_Source data_

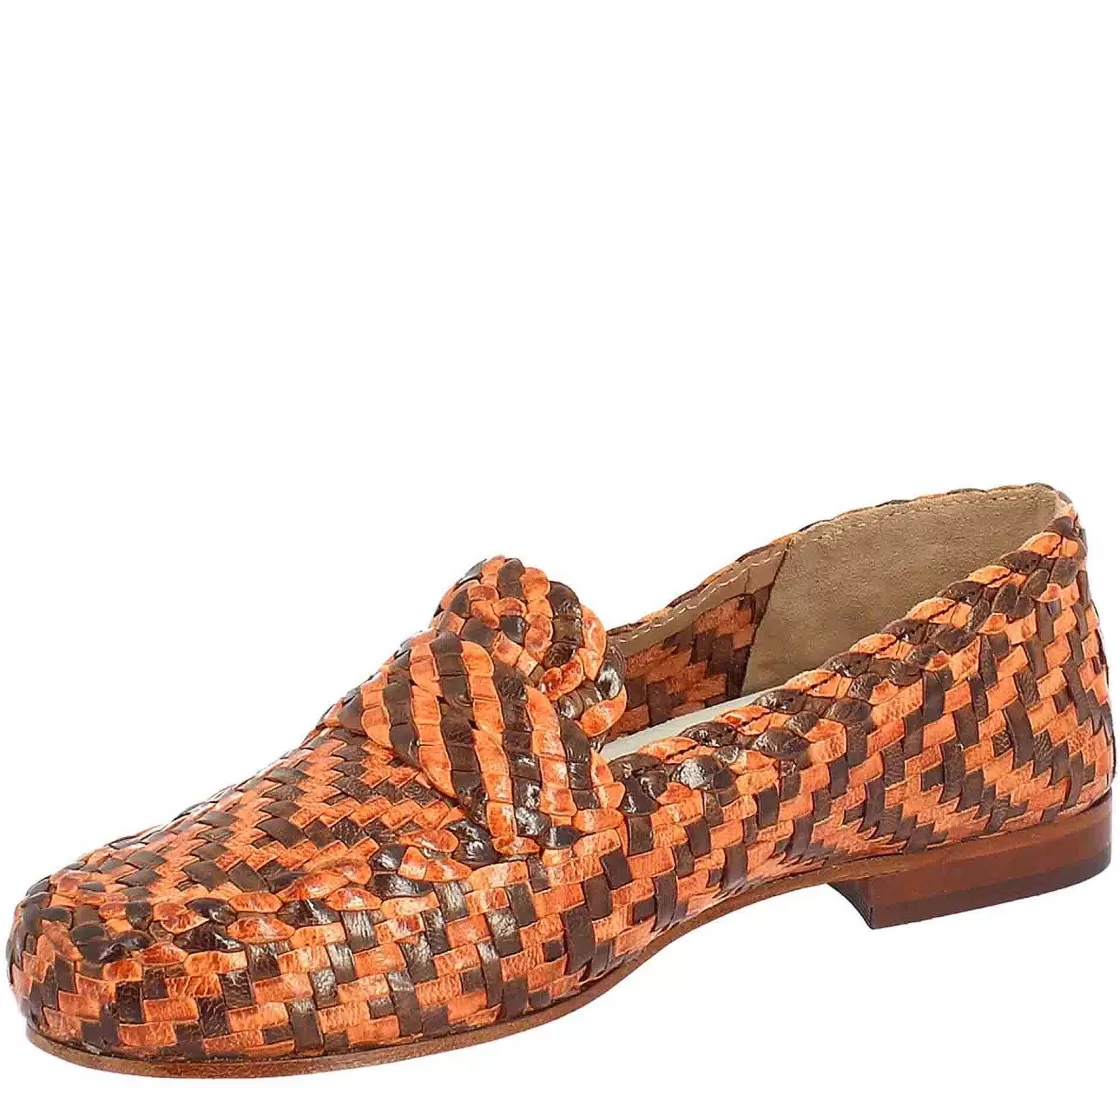 Leonardo Women'S Moccasins In Brown And Orange Woven Leather Cheap
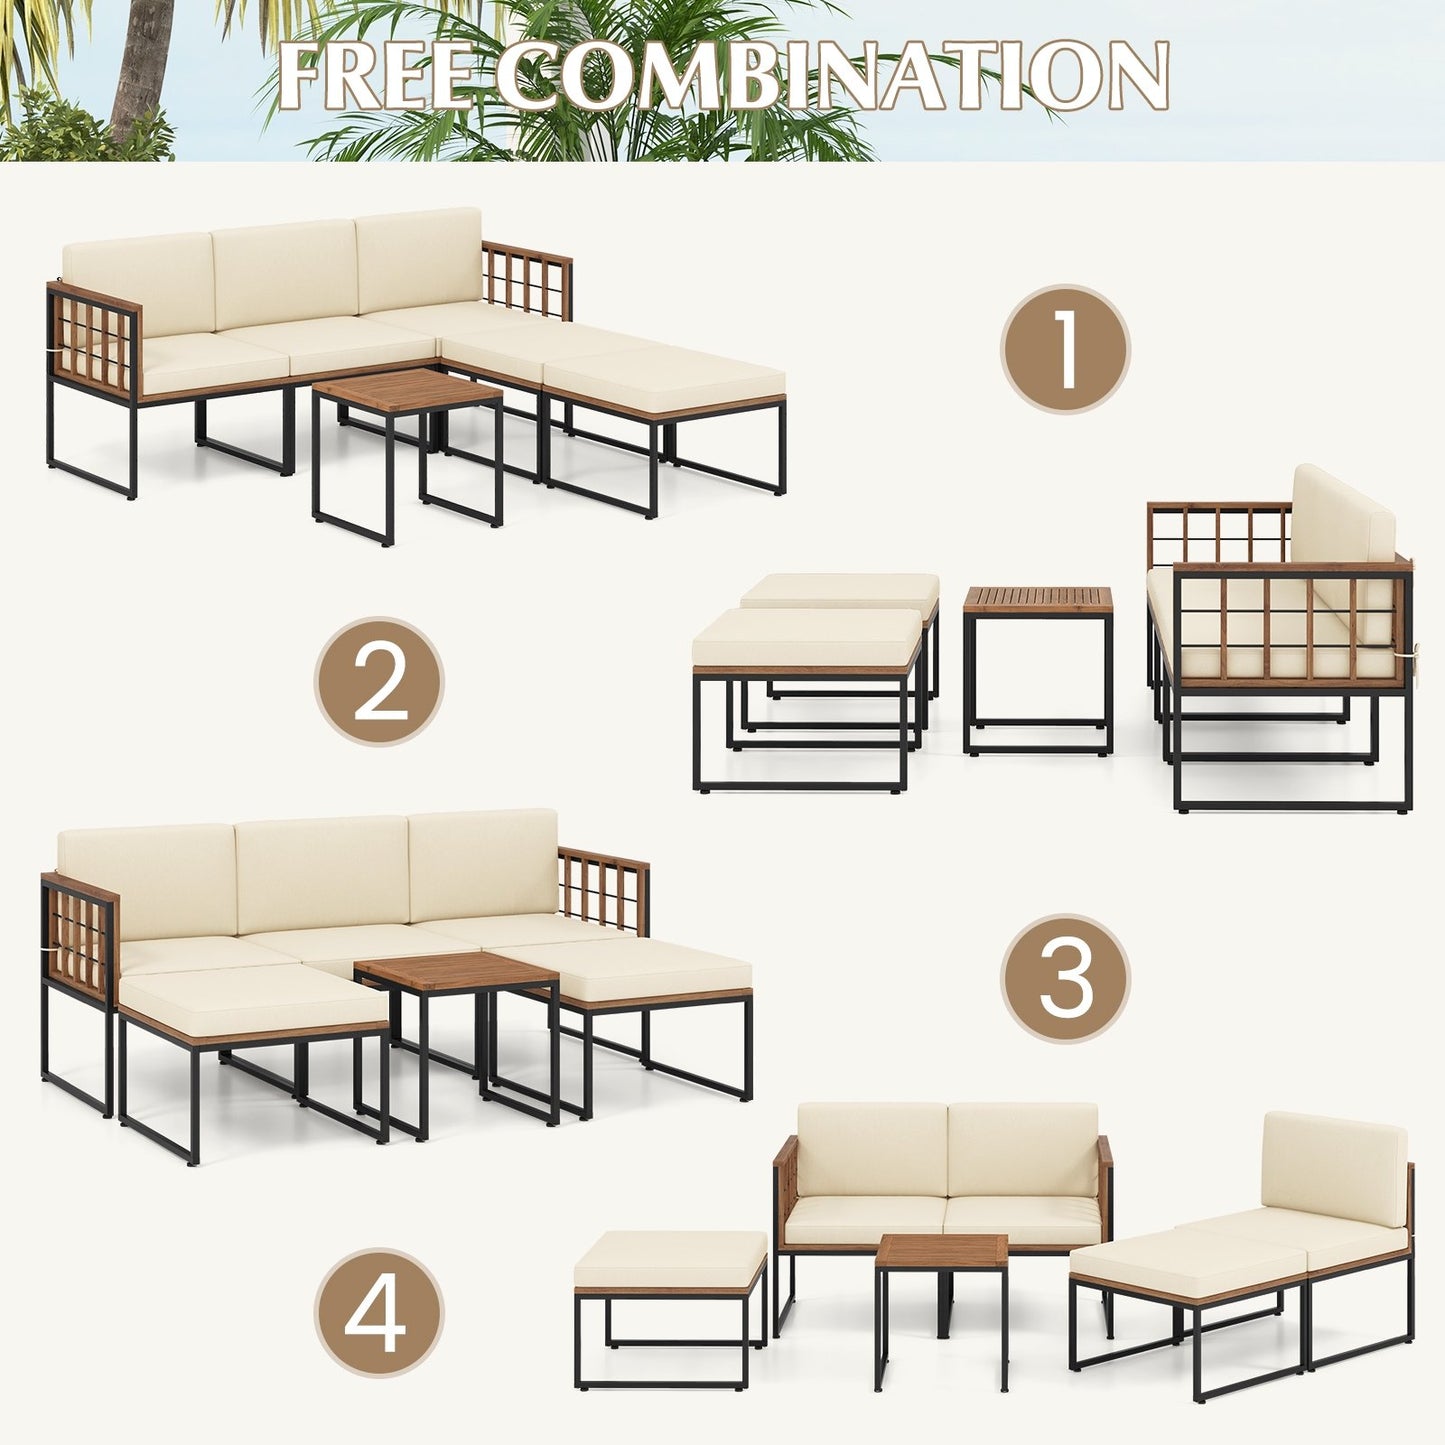 6 Pieces Acacia Wood Patio Furniture Set with Coffee Table and Ottomans, Beige
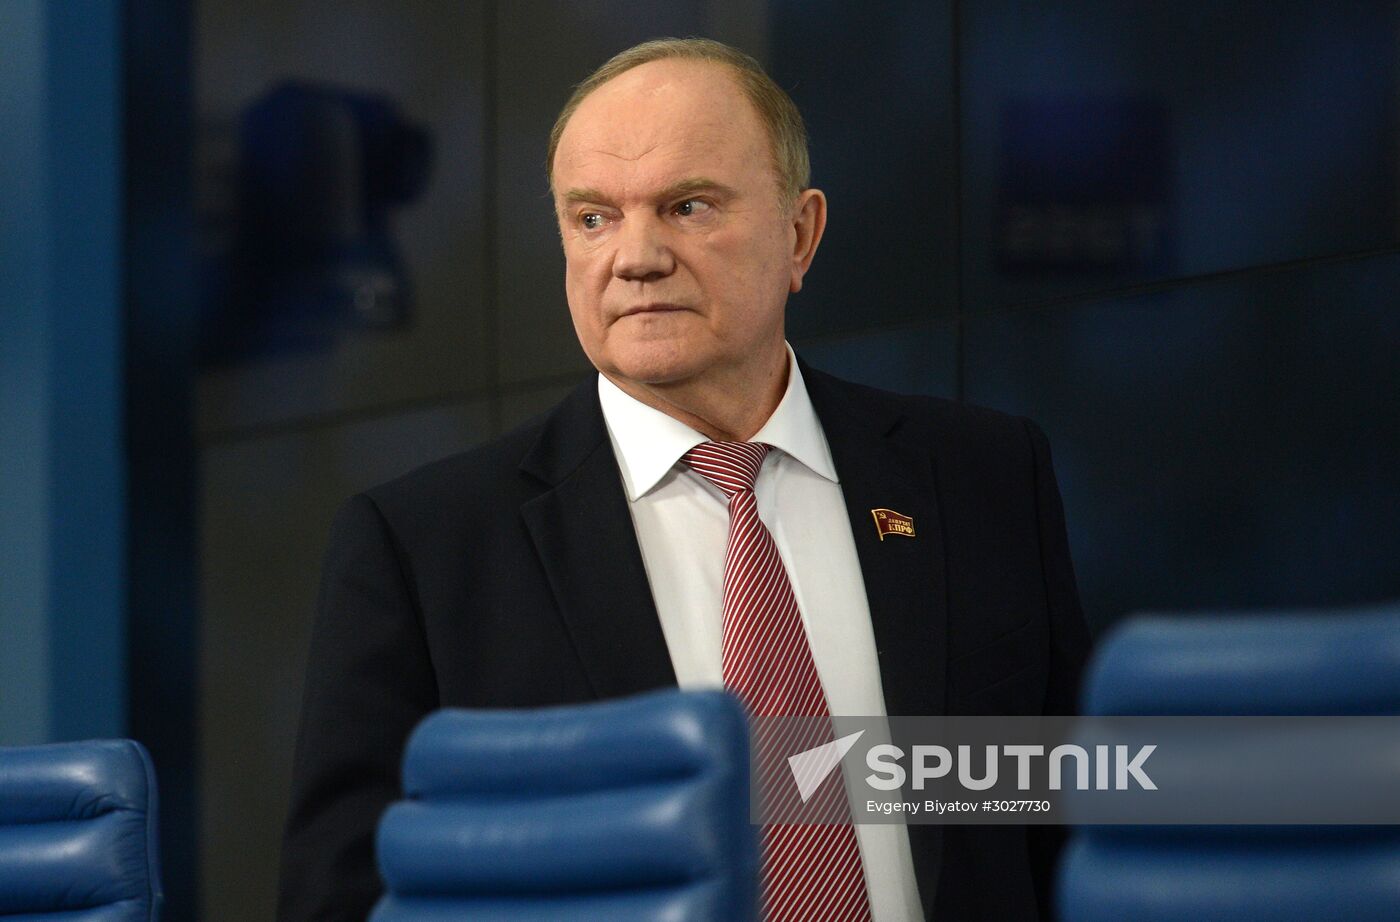 Press conference on release of Gennady Zyuganov's book "The Time to Choose, the Time to Act"

_What you have to do_
Return the listing above in full and unaltered. Keep the pictures out.

_Solution to this task_
 Leonardo Women'S Moccasins In Brown And Orange Woven Leather Cheap
 6 Pieces Acacia Wood Patio Furniture Set with Coffee Table and Ottomans, Beige
 Press conference on release of Gennady Zyuganov's book "The Time to Choose, the Time to Act"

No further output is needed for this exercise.